Extracted data entries -
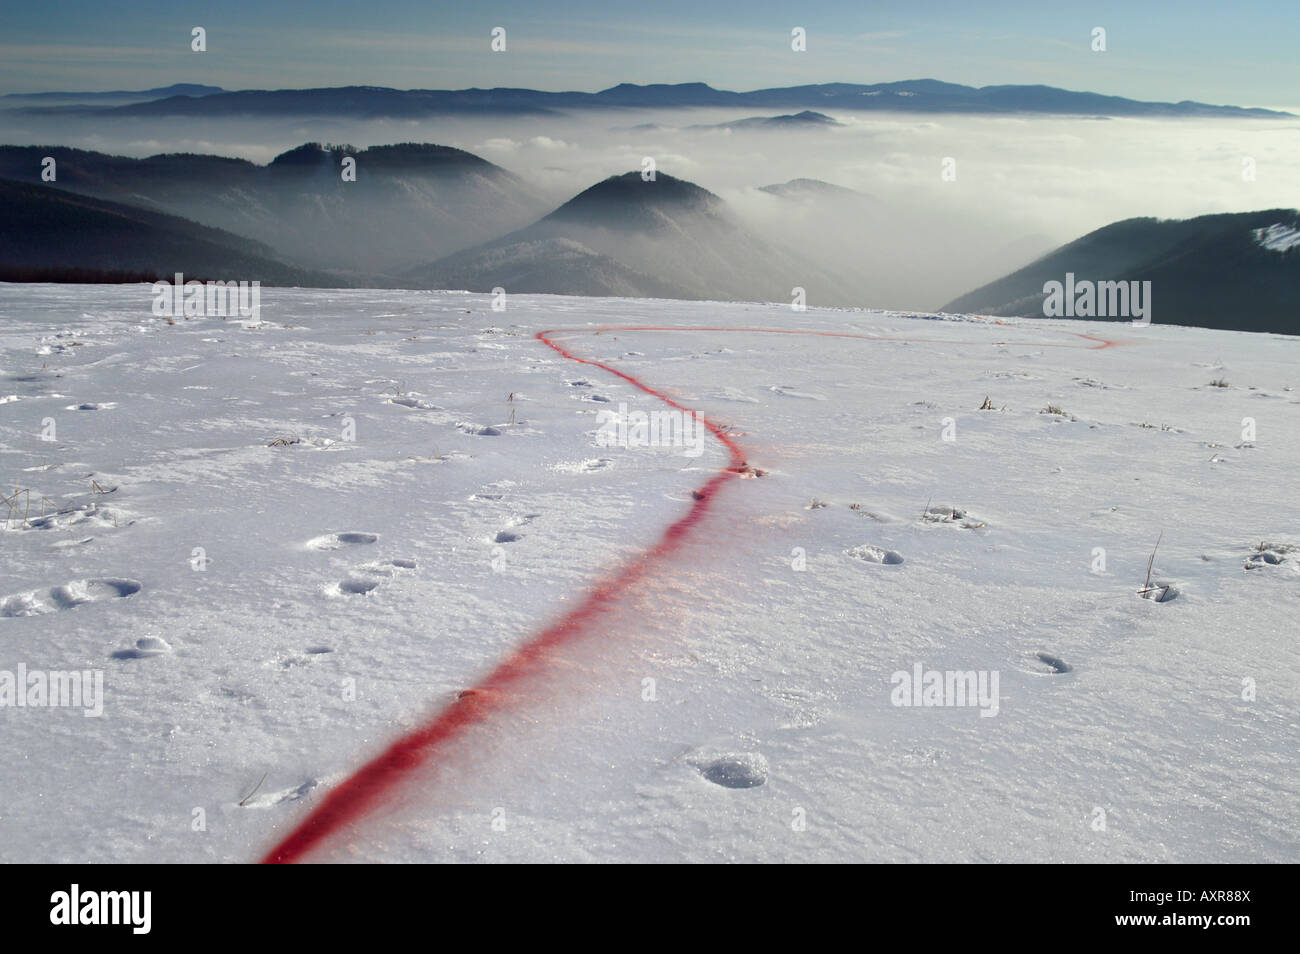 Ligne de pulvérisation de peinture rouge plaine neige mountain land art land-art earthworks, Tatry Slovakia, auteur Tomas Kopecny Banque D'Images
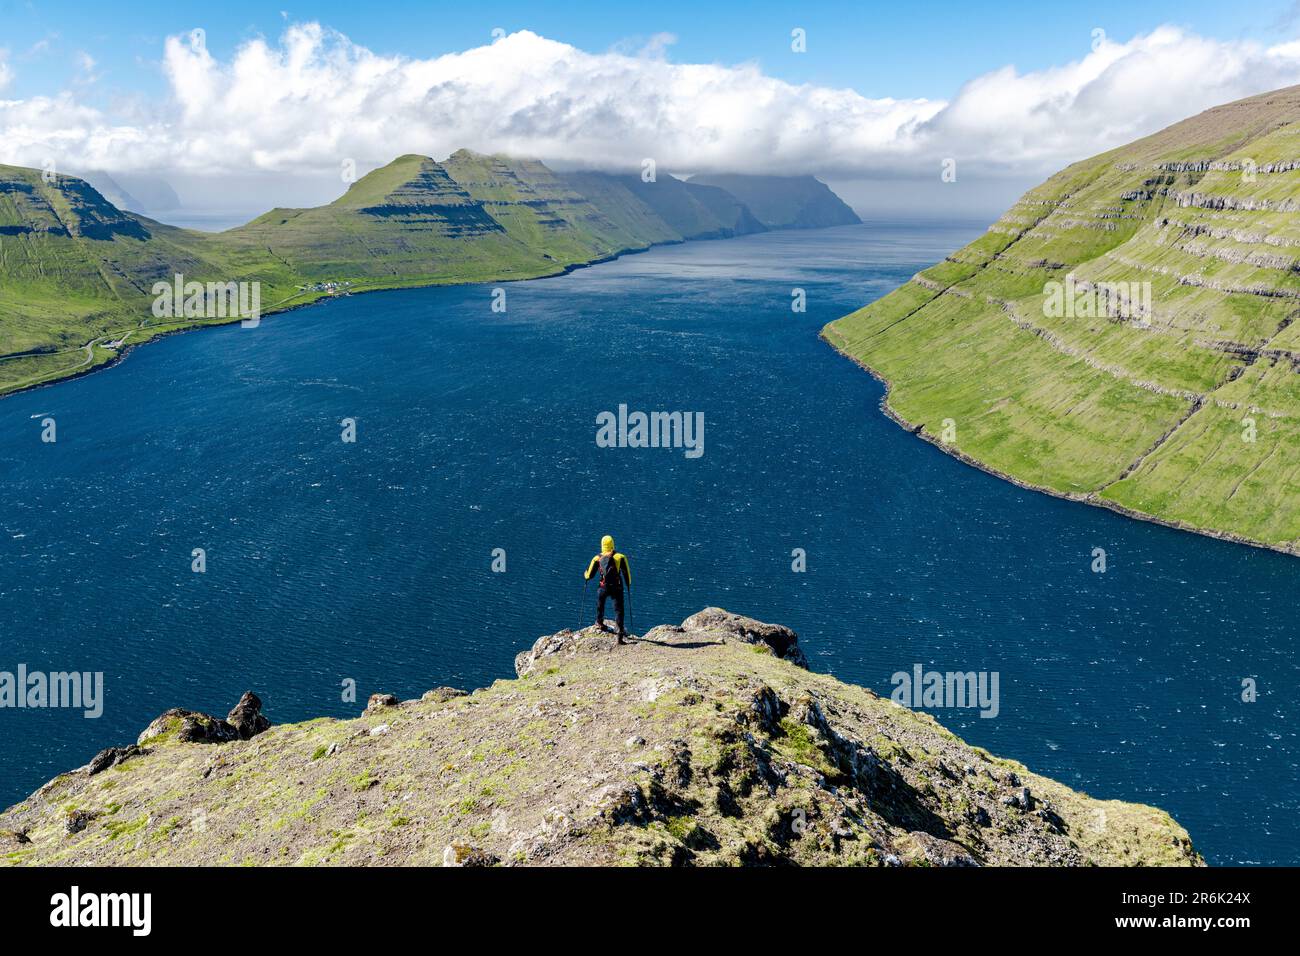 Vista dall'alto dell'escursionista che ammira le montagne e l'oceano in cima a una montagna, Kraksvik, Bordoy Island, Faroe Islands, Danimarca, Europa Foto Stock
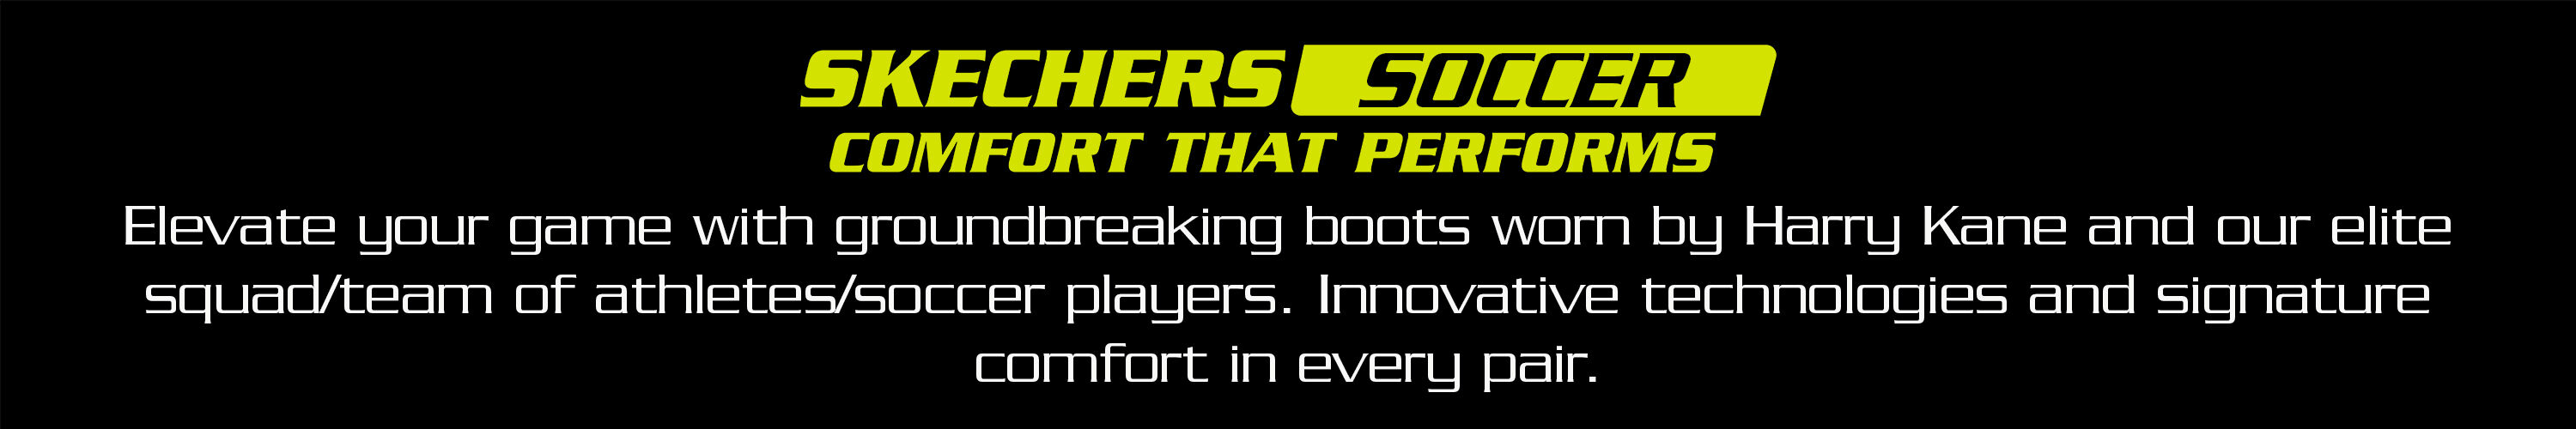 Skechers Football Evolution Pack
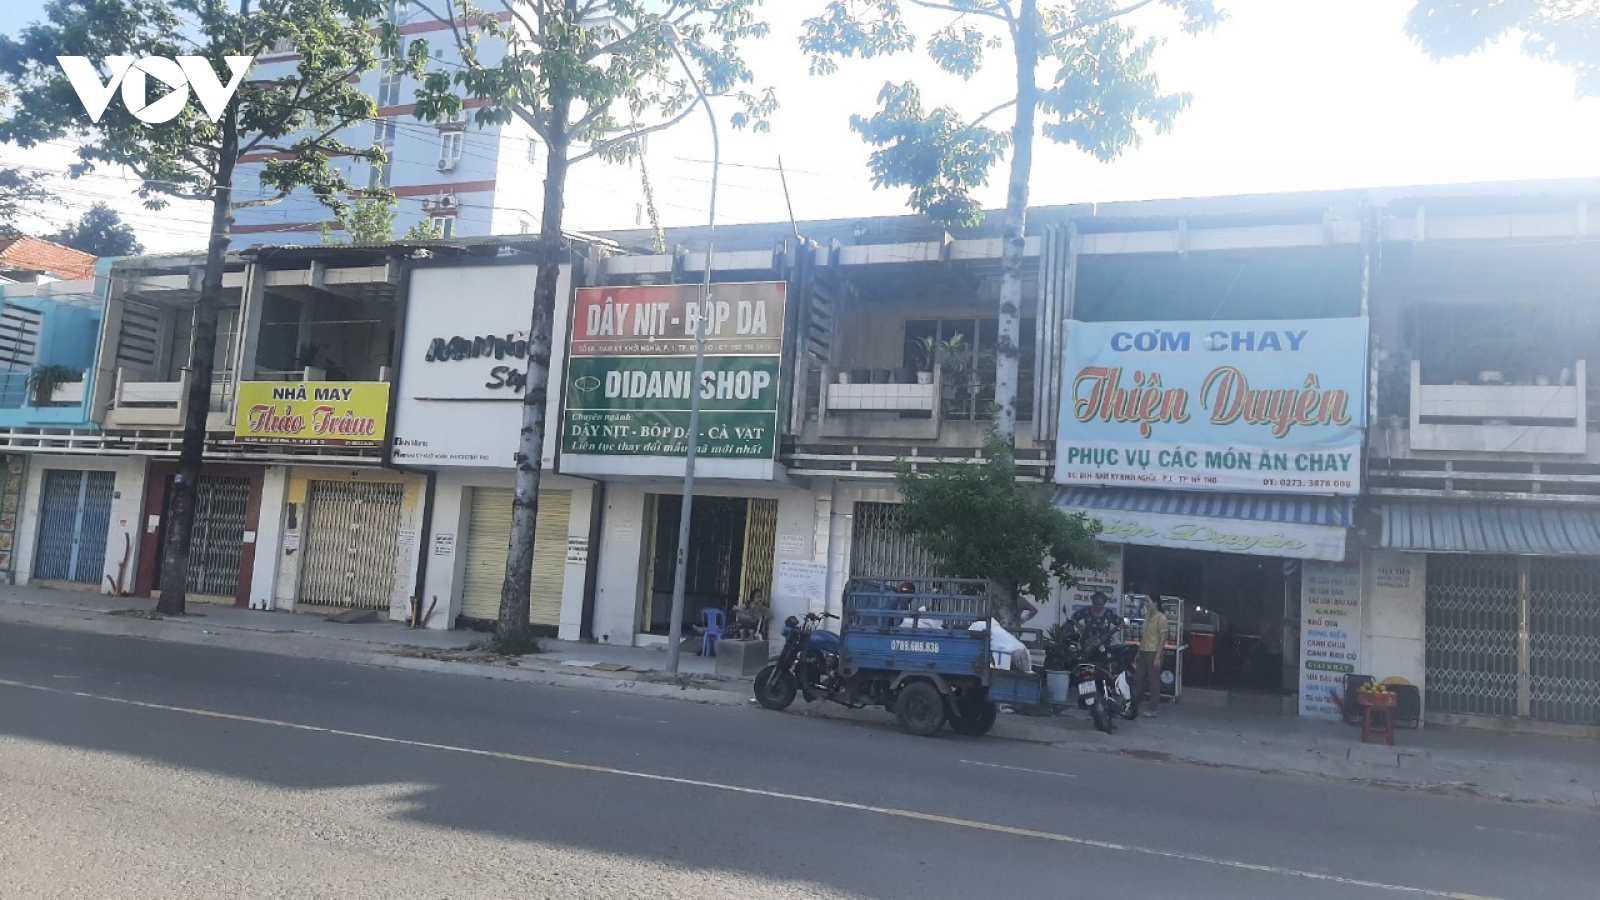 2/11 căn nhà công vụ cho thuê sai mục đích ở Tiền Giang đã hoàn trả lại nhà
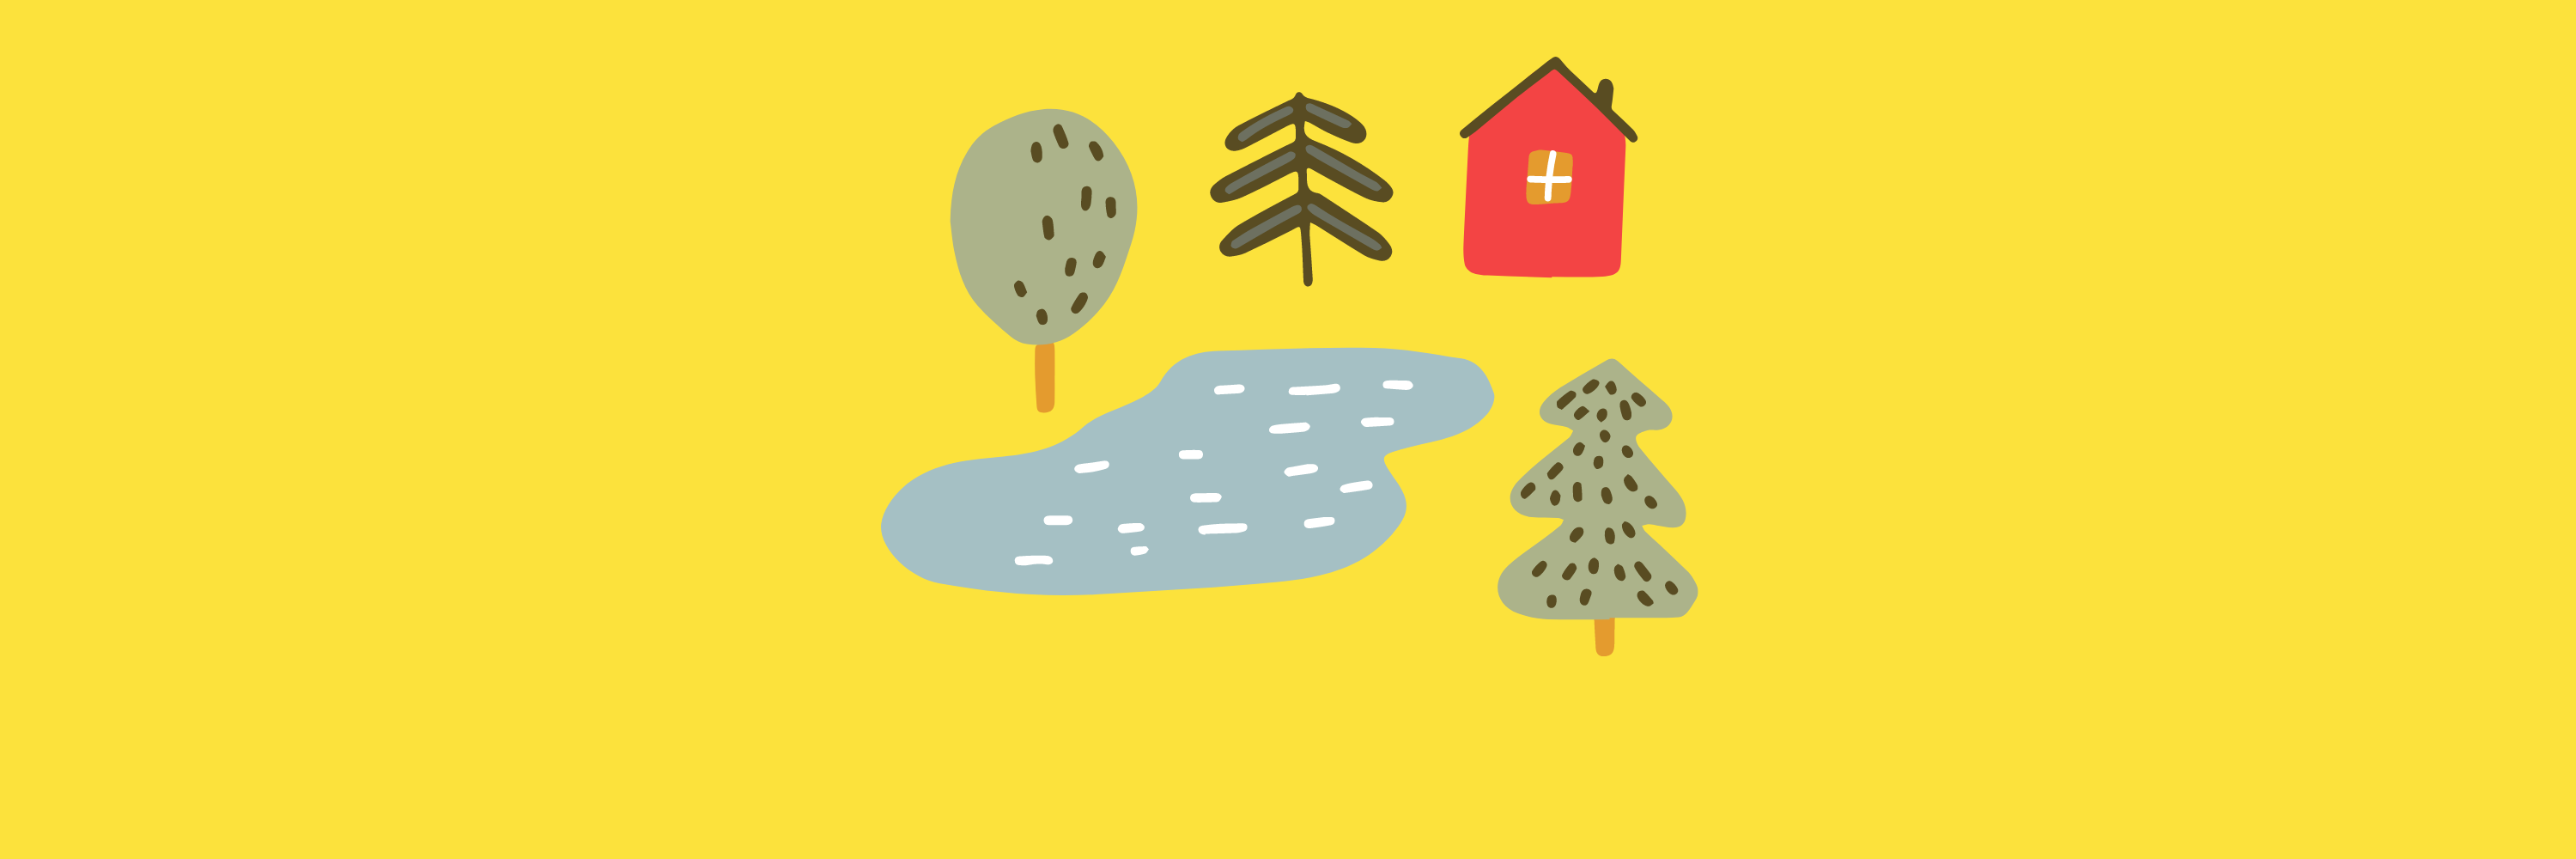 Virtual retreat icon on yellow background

What to produce -
Please set down the records exactly, and keep every image out of the copy.

Expected output -
 Ligne de pulvérisation de peinture rouge plaine neige mountain land art land-art earthworks, Tatry Slovakia, auteur Tomas Kopecny Banque D'Images
 Vista dall'alto dell'escursionista che ammira le montagne e l'oceano in cima a una montagna, Kraksvik, Bordoy Island, Faroe Islands, Danimarca, Europa Foto Stock
 Skechers Football Evolution Pack
 2/11 căn nhà công vụ cho thuê sai mục đích ở Tiền Giang đã hoàn trả lại nhà
 Virtual retreat icon on yellow background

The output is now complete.